February 11

Thomas Edison: Pretty good inventor; could have been a great printer.

The first person ever to print on a train was born on February 11, 1847. As he was to become the greatest inventive genius of his time, it is unfortunate that his interest in printing was of short duration. The present electronic upheaval in the craft might have come a half century earlier had Thomas A. Edison actively continued his printing career.

As a boy, Thomas Edison received virtually no formal schooling. He was sent to a one-room school at the age of eight, but owing to his years of running free, he could not mold himself to the classroom. After three months the schoolmaster told the boy’s parents that he was “addled,” and his mother forthwith removed him from the school, undertaking on the strength of her one year of teaching in a small country school the task of educating her son. The limitations of such education plagued Edison for a good part of his life, as he never learned to spell and his grammar was below even the limited standards of the day. However, his mother was intelligent enough to realize that the boy needed guidance rather than the restrictions of disciplined study. In later years the inventor stated that she allowed him to follow his own bent and was thus responsible for the “making of me.”

In 1859 when the railroad was extended from Detroit to Edison’s home town of Port Huron, he applied for the non-paying job of “candy butcher” on the cars. His job involved the concession of selling sweets and newspapers to the passengers, Although only twelve years of age, Edison had to be on the train prior to its 7:00 a.m. departure for the three hour trip to Detroit, and then had to wait until it left that city for the return trip, which was completed at 9:30 p.m. The boy developed considerable ingenuity in this job, taking aboard such items as fruit, vegetables, and butter which he sold at retail along the way.

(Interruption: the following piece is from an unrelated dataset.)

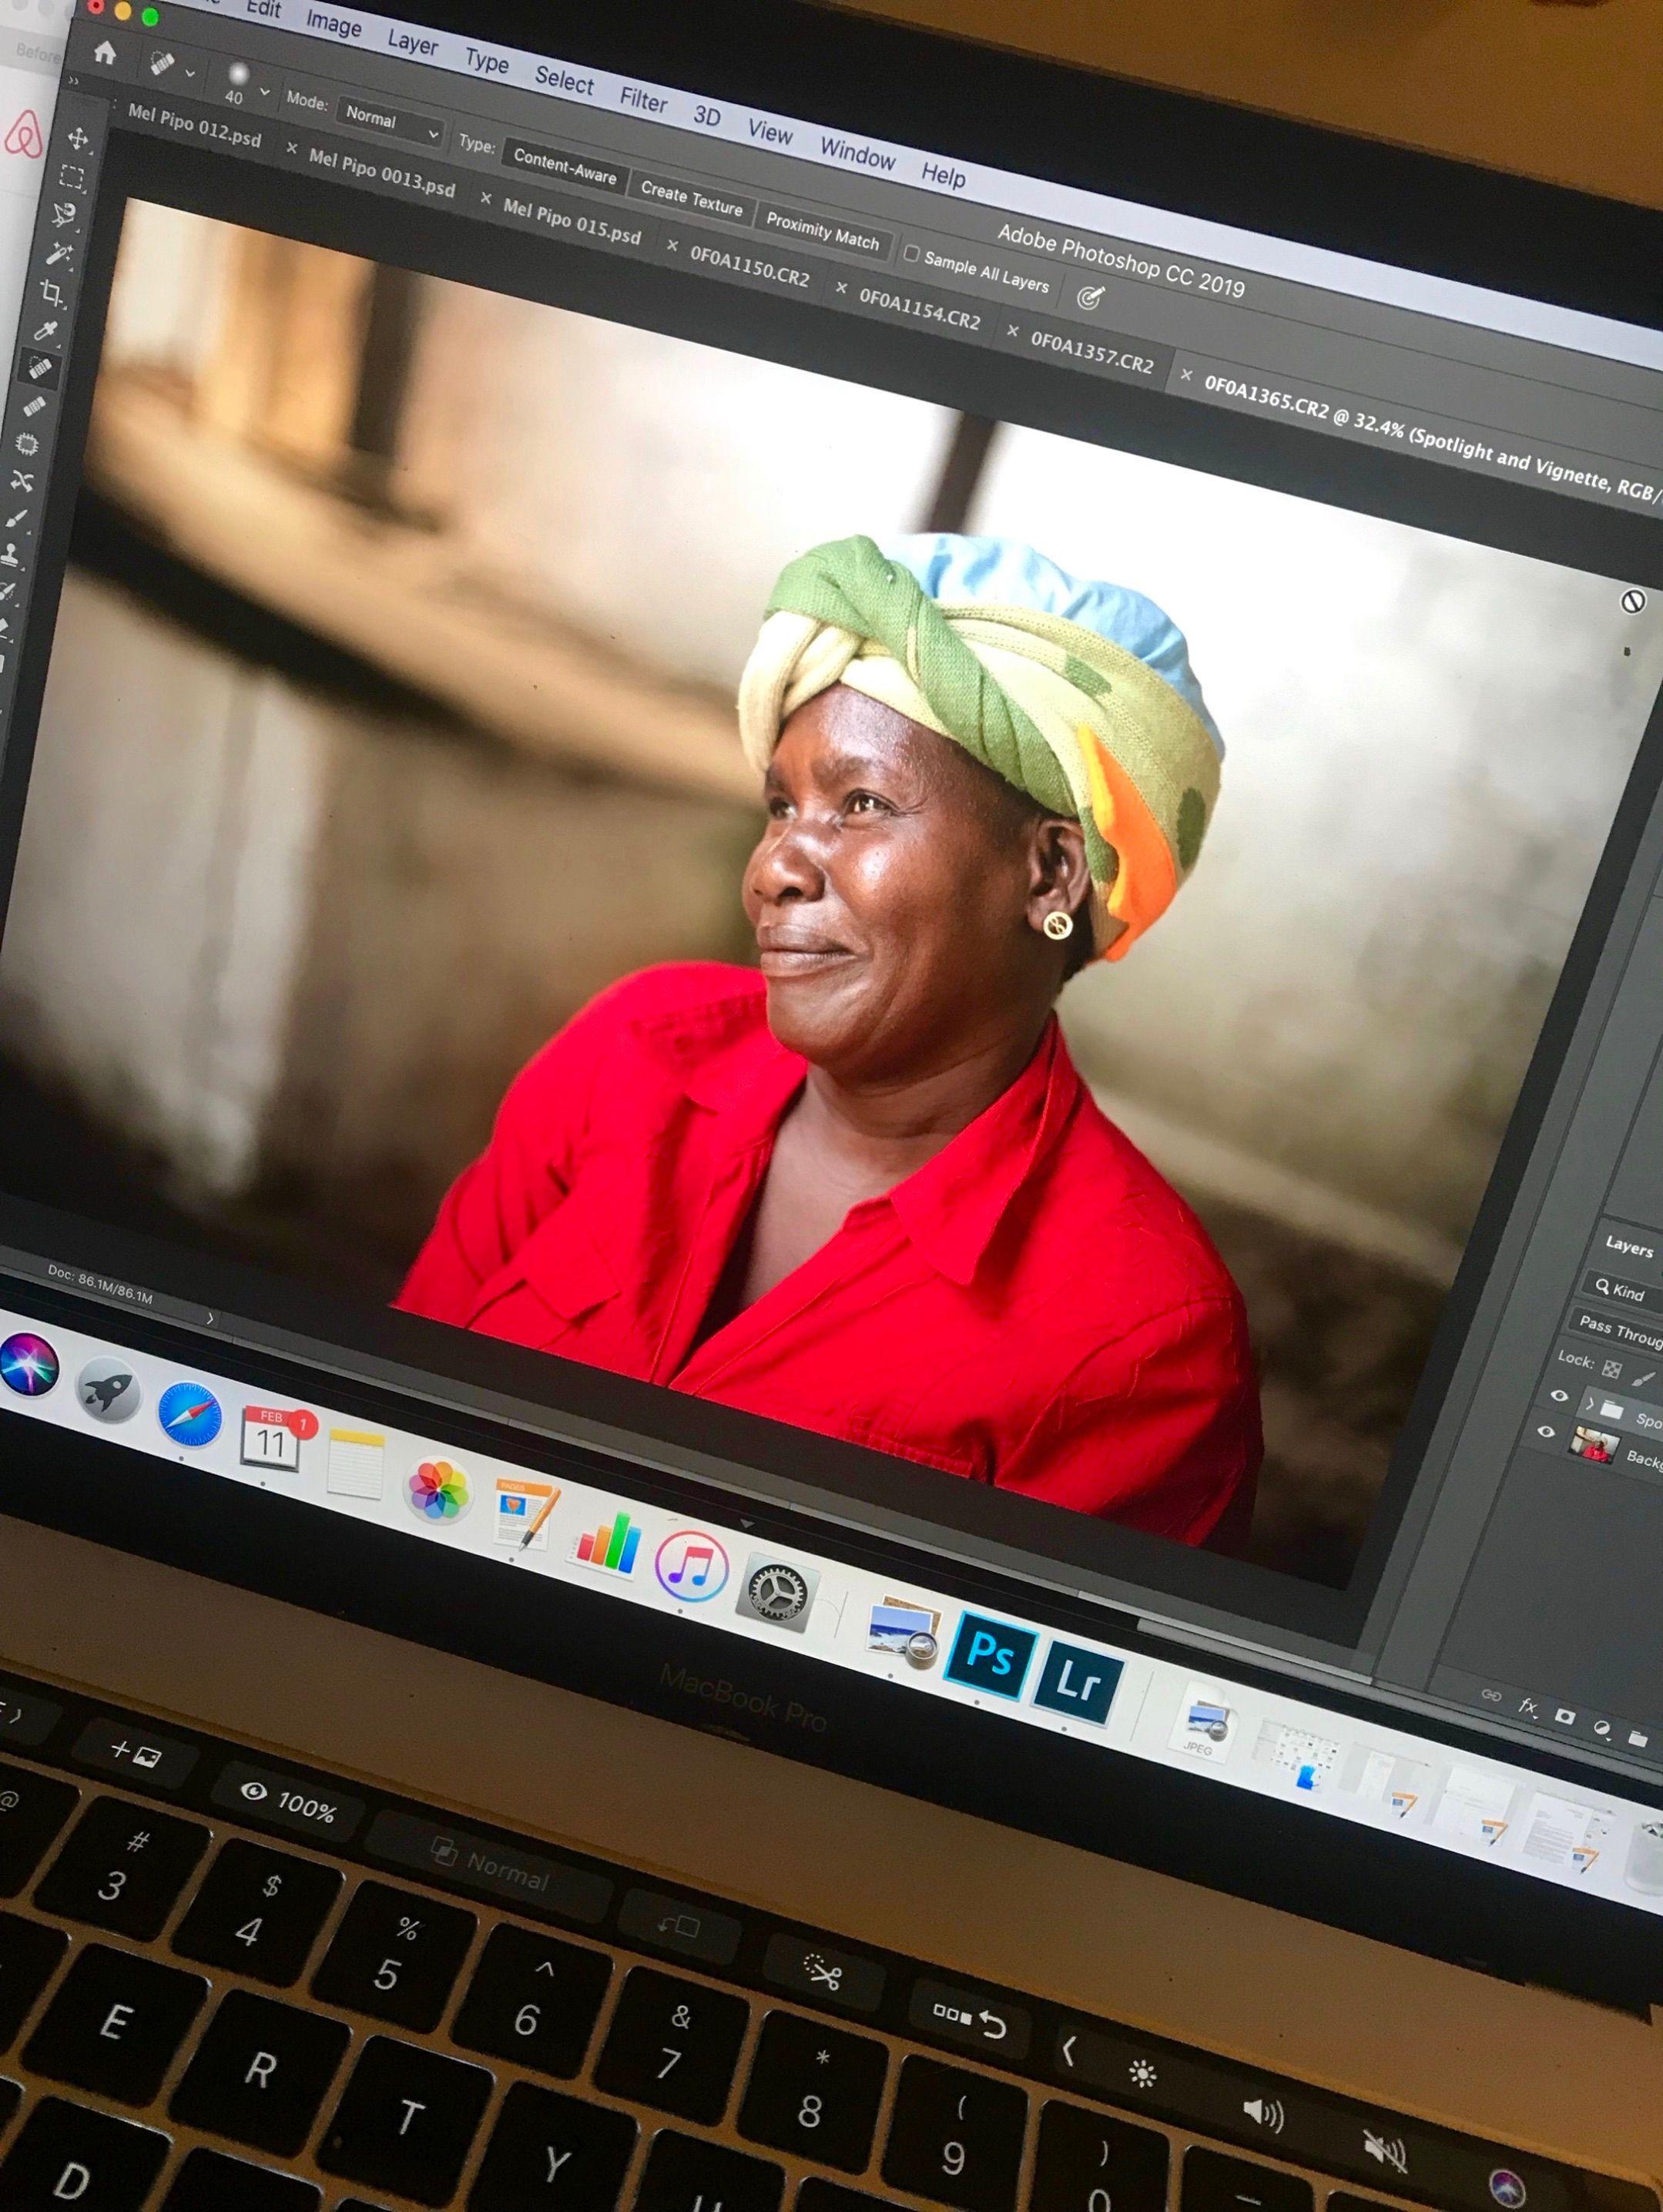 Edits of Jeannine, a school cook from Quartier Morin... her face lights up the sky. ✨ . . #photoedits #behindthescenes #portrait #portraitphotography #artist #creativecommunity #creativeart #creatives #creativeminds #eyephotography #photographer #photographycompany #ayashamedia #mediacompany #haiti #haitianphotography  #PhotographyEveryday #Photogram #JustGoShoot #InstaPhoto #WorldBestGram #PhotographySouls #PhotoOfTheDay #adobeindesign #adobephotoshop

During the long layover in Detroit, Edison at first wandered about the city, but when the Detroit Free Library was opened in 1862 he became one of its earliest card-owners. He later wrote, “I started with the first book on the bottom shelf and went through the lot, one by one. I didn’t read a few books. I read the library.” At this time he also developed a strong interest in the craft of printing. He had made some extra money selling at a premium price the newspapers which carried the account of the battle of Shiloh. This sum he invested in a small hand-press with some three hundred pounds of type which he purchased in Detroit. He then taught himself how to set type and operate the press, editing a small local newspaper which he produced in its entirety in the baggage car of the train. This sheet, The Weekly Herald, was sold for eight cents a copy and reached a circulation of four hundred copies.

Edison’s atrocious spelling didn’t seem to faze his readers, as the paper was lively and informative. The boy editor, with a friend, enlarged the scope of the weekly and renamed it the Paul Pry. One of the items in the new paper, however, discussed the vicissitudes of a local personage and so enraged that individual that he sought out the editor. Although not equipped with the traditional horsewhip, he satisfied his ire by throwing Edison into the St. Clair River. From that point the boy’s interest in a career in journalism abruptly declined, and the paper went out of business.

Shortly after this incident, a railroad telegrapher excited Edison by offering to teach him the skills of that trade. Thus the printing craft lost an outstanding recruit.